◆ WHAT THE TASK ASKS
Print the data below exactly as it stands, and keep the pictures out.

◆ DATA EXCERPT
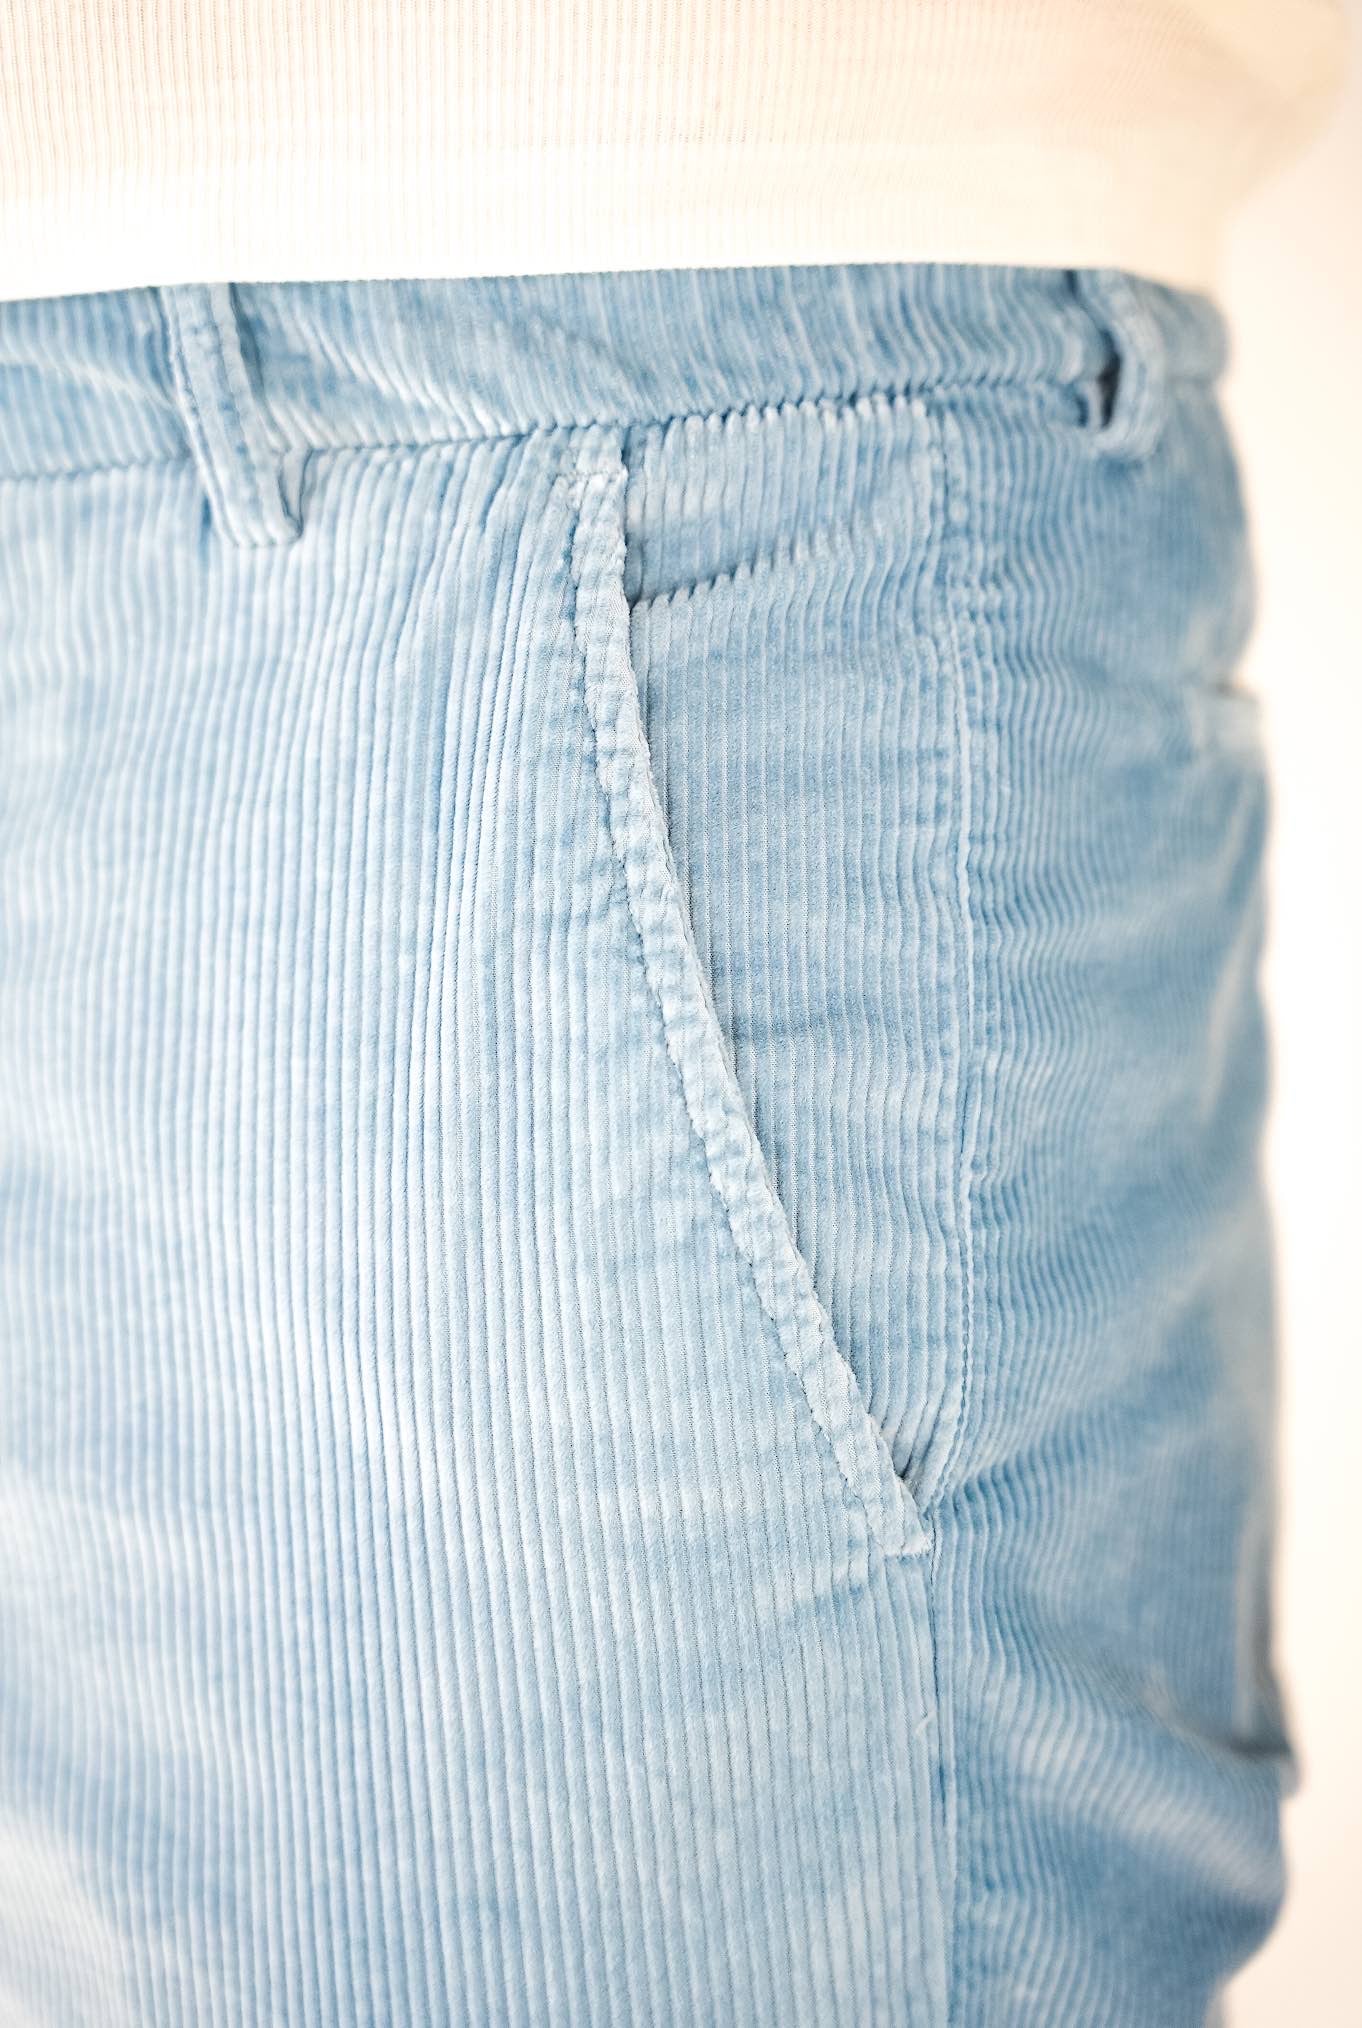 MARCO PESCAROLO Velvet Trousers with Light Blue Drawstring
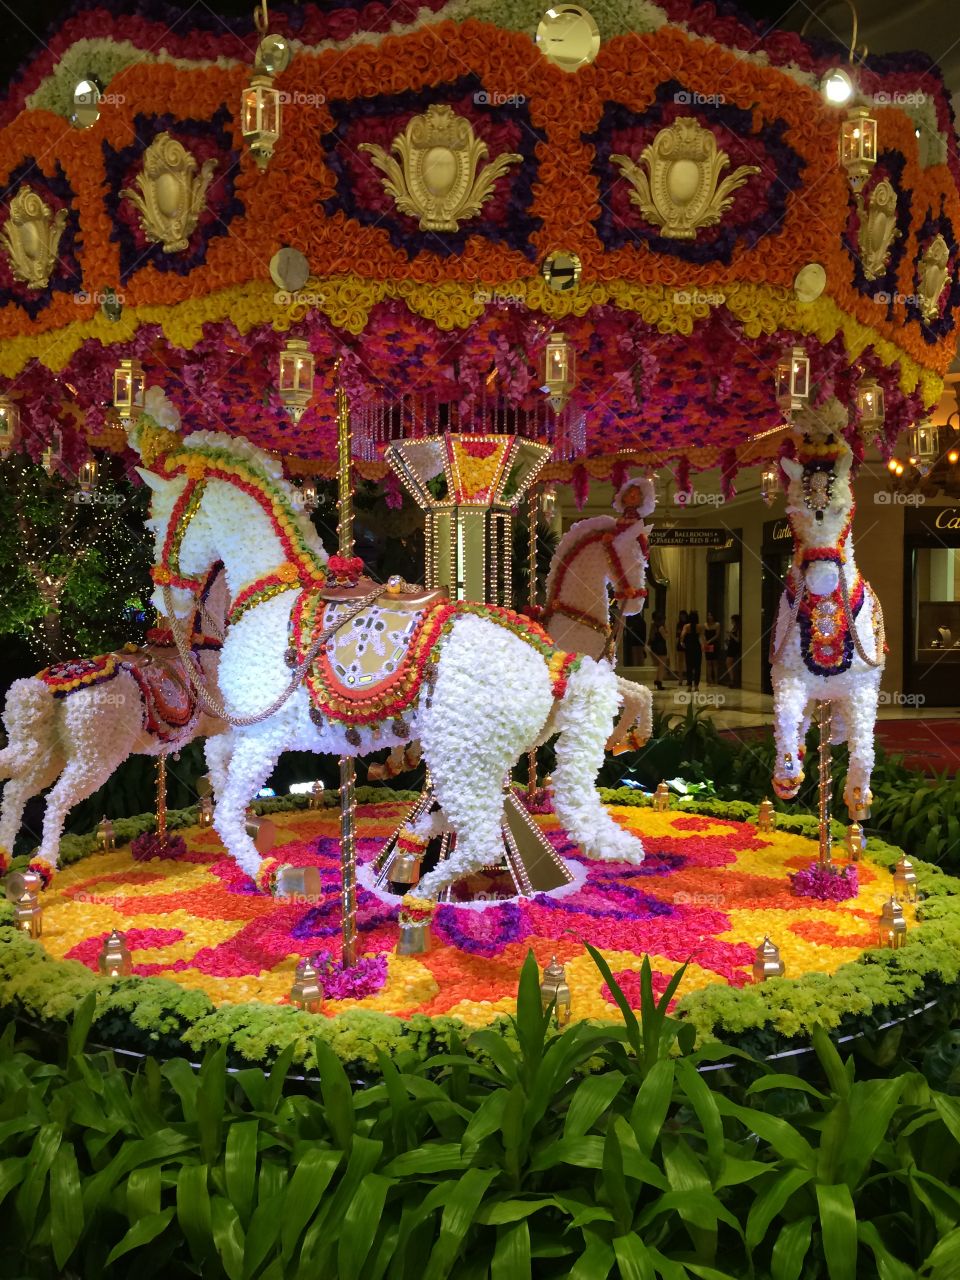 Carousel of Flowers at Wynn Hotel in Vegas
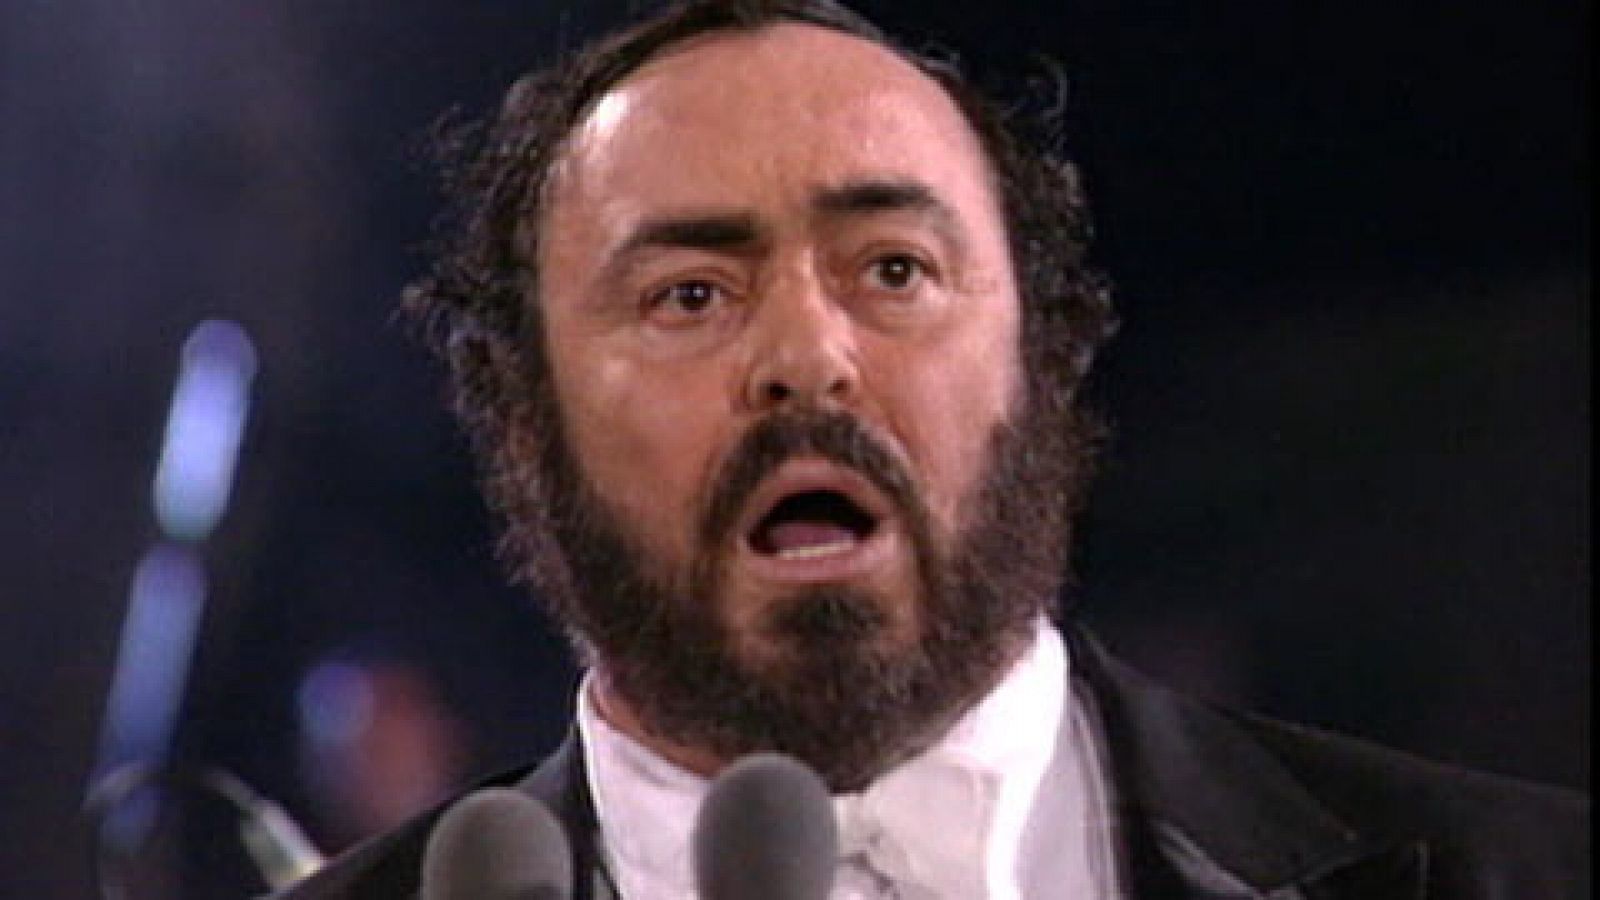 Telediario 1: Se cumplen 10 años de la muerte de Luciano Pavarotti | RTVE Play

◆ YOUR RESPONSE
 MARCO PESCAROLO Velvet Trousers with Light Blue Drawstring
 Carousel of Flowers at Wynn Hotel in Vegas
 Telediario 1: Se cumplen 10 años de la muerte de Luciano Pavarotti | RTVE Play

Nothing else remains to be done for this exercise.